Posted on:1991-02-22Degree:Ph.DType:Thesis
University:University of California, Los AngelesCandidate:Marti, Judith EttingerFull Text:PDF
GTID:2476390017452388Subject:Anthropology
Abstract/Summary:
This dissertation addresses the problem of how a developing nation reconciles the demands of industrialization with the problem of subsistence maintenance. The study focuses on Mexico City and Guadalajara during the Porfiriato (1877-1910), and used ethnohistorical methods to analyze published and unpublished national, state, and municipal government documents, photographs, newspapers, travelers accounts, etc., of the period. The main thesis is that municipal governments, public market venders, and street venders play a crucial role in providing cheap subsistence goods to a poor urban population that is usually the backbone of an industrial labor force. Faced with scarce resources, the municipal governments of Mexico City and Guadalajara developed a series of strategies and implemented policies to increase revenues to pay for its services (revenue maximization policy) and to guarantee basic subsistence goods and services for its growing and increasingly poor urban population (subsistence goods maximization policy).
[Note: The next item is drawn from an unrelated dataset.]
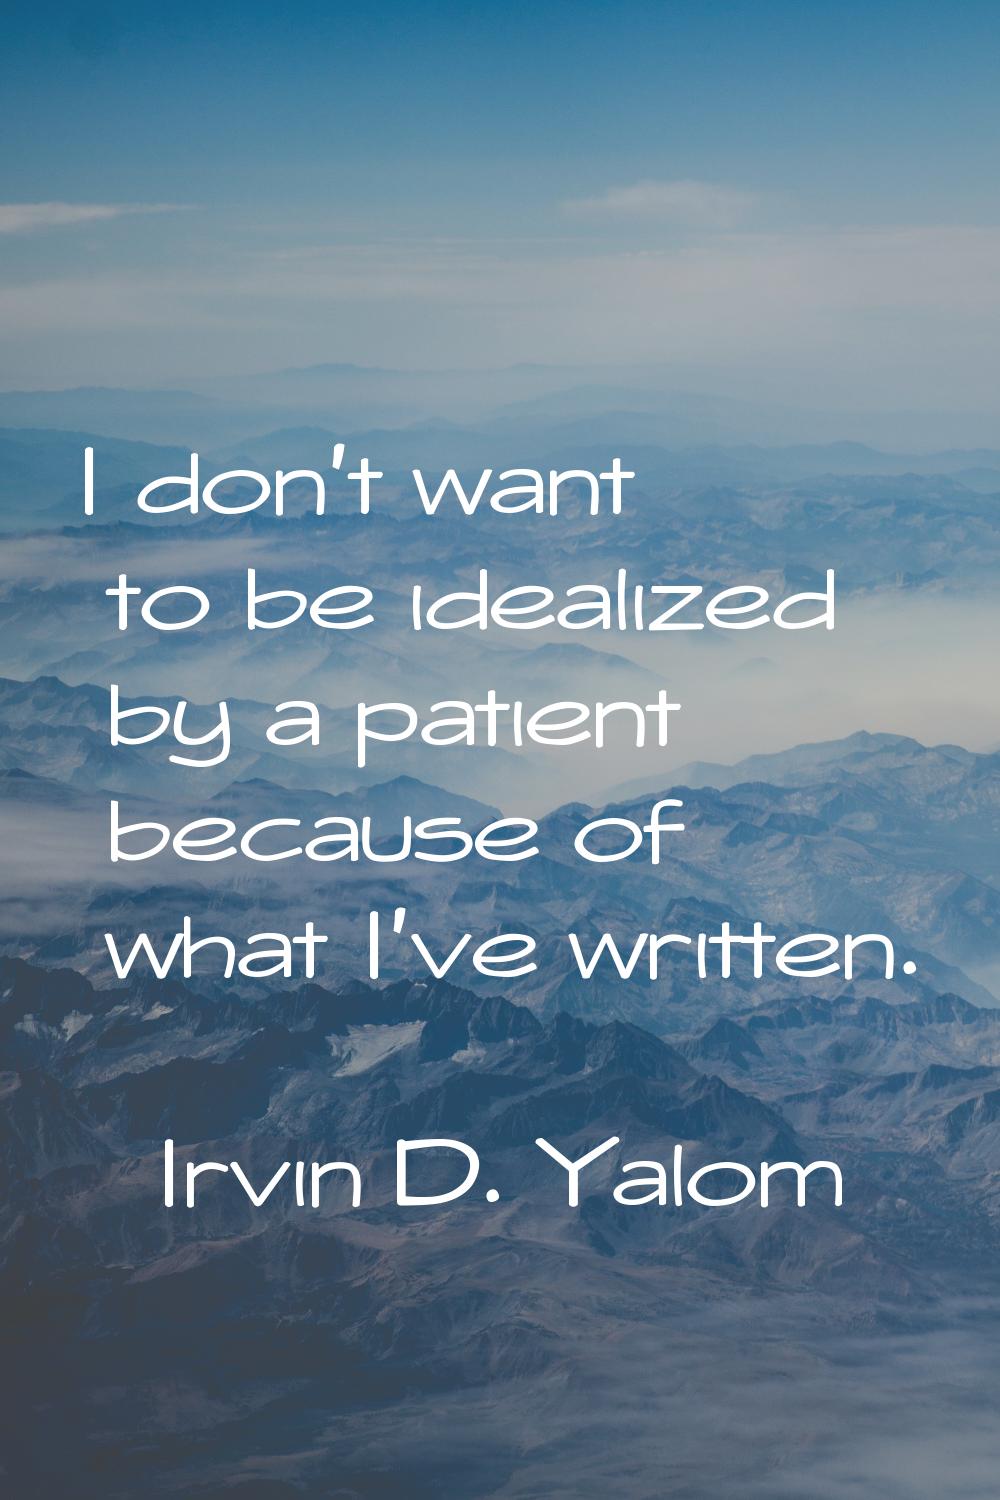 I don't want to be idealized by a patient because of what I've written.

The vender sector of the economy had an important place in both, by being a source of steady and not inconsiderable revenues, and by providing affordable goods to the poor. To maximize revenues, the municipalities were forced into a minimum investment strategy, with the result that structures deteriorated, the quality of goods for consumers was poor, and market and street venders made a minimal living. In order to supply goods to the poor, the municipalities helped and protected venders from merchants, municipal rules and regulations, even adverse economic conditions. An examination of these policies, largely unstated by the municipality but understood by those it affected, throws light on what appears to be arbitrary or conflicting styles of municipal management, and shows venders to be rational decision-makers. Finally, observing the municipality at its daily work, suggests the process of governing in developing nations to be a give and take, a balancing of conflicting needs and interest groups in an atmosphere of mounting problems and diminishing resources.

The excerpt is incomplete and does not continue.